Sportif, il l’avait été enfant, comme joueur de foot, au progrès et à Oberkorn. C’est d’ailleurs à Oberkorn qu’il avait grandi dans la boucherie-café de ses parents. «J’ai passé mes dix premières années au bistrot scotché au poste de radio lors des grands évènements», se souvenait-il.
Nous ne sommes que des témoins des choses de la vie et il ne faut pas se prendre pour ce que nous ne sommes pas
C’est là qu’il commence à lire ses premiers articles et il n’a que quatorze ans lorsqu’il rédige ses premiers écrits.
Il sera donc engagé à la rédaction du Tageblatt le 15 mars 1965. «On touchait à tout à l’époque. La correction, les conseils communaux, les chiens écrasés, la politique. Le sport n’était pas développé comme maintenant. Mais tous les métiers du journalisme m’intéressaient », nous rappelait-il. Jusqu’à l’excès. «On bouclait nos éditions à six heures du matin. On dormait un peu et on repartait au boulot», rigolait-il, intarissable sur le sujet comme tout ce qui avait trait à la presse, d’hier et d’aujourd’hui. En privé, il dissertait souvent sur la mutation dont il avait été le témoin privilégié.
Nostalgique, il raffolait manifestement d’une époque où tout n’était que plaisir, camaraderie. Les soirées arrachées au temps comme ces bouclages à n’en plus dormir debout, ils les revivaient parfois avec entrain dans ses récits. Au moment où il passe du Tageblatt à Revue, il adopte un autre style de vie.
Pensionné depuis 2002, Petz lahure n’a jamais pris le temps de décrocher, puisqu’il continua longtemps, jusqu’à il y a peu encore, à rédiger de longs articles pour le Tageblatt et le site de Sportpress.lu.

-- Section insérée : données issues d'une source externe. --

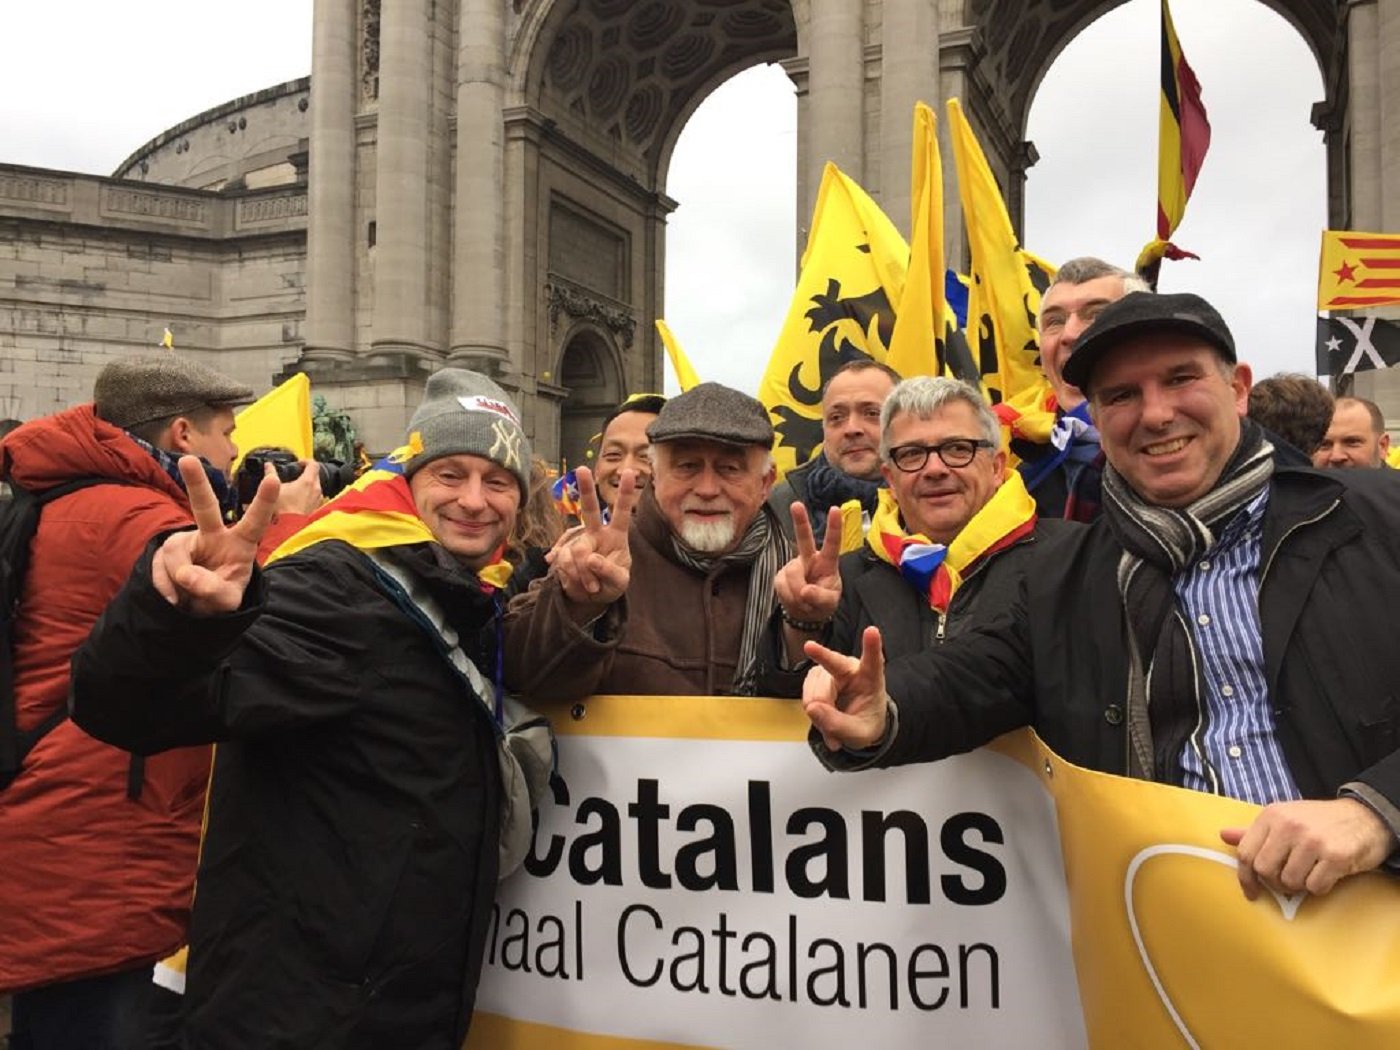 El president del Parlament flamenc: "Puigdemont no és un criminal, és el president"

L’ami Petz avait acquis une longue et riche expérience des choses et des hommes. «J’ai toujours l’impression d’être plus jeune que je ne le suis. J’ai toujours aimé rendre service. L’association me prend un temps fou, mais tant que je serai en bonne santé, je ne me vois pas arrêter», nous disait-il avait de rendre son tablier.
Seule la maladie eut donc raison de lui.
Lui qui, en août 2024, avait été décoré lors du 100e congrès de l’Association Internationale de la Presse Sportive (AIPS), pour ses quinze olympiades, ne boudait manifestement pas les honneurs et les rencontres chaleureuses qui découlaient des cérémonies. Il gardait toutefois en tête une fulgurance dont il avait fait une maxime : «Nous ne sommes que des témoins des choses de la vie et il ne faut pas se prendre pour ce que nous ne sommes pas.» Sa vie fut pourtant un véritable roman.
Cher ami, quelle nouvelle ? Petz est allé au bout de son échappée…
À ses deux enfants et à Marie-Paule, sa compagne, le Quotidien présente ses condoléances attristées.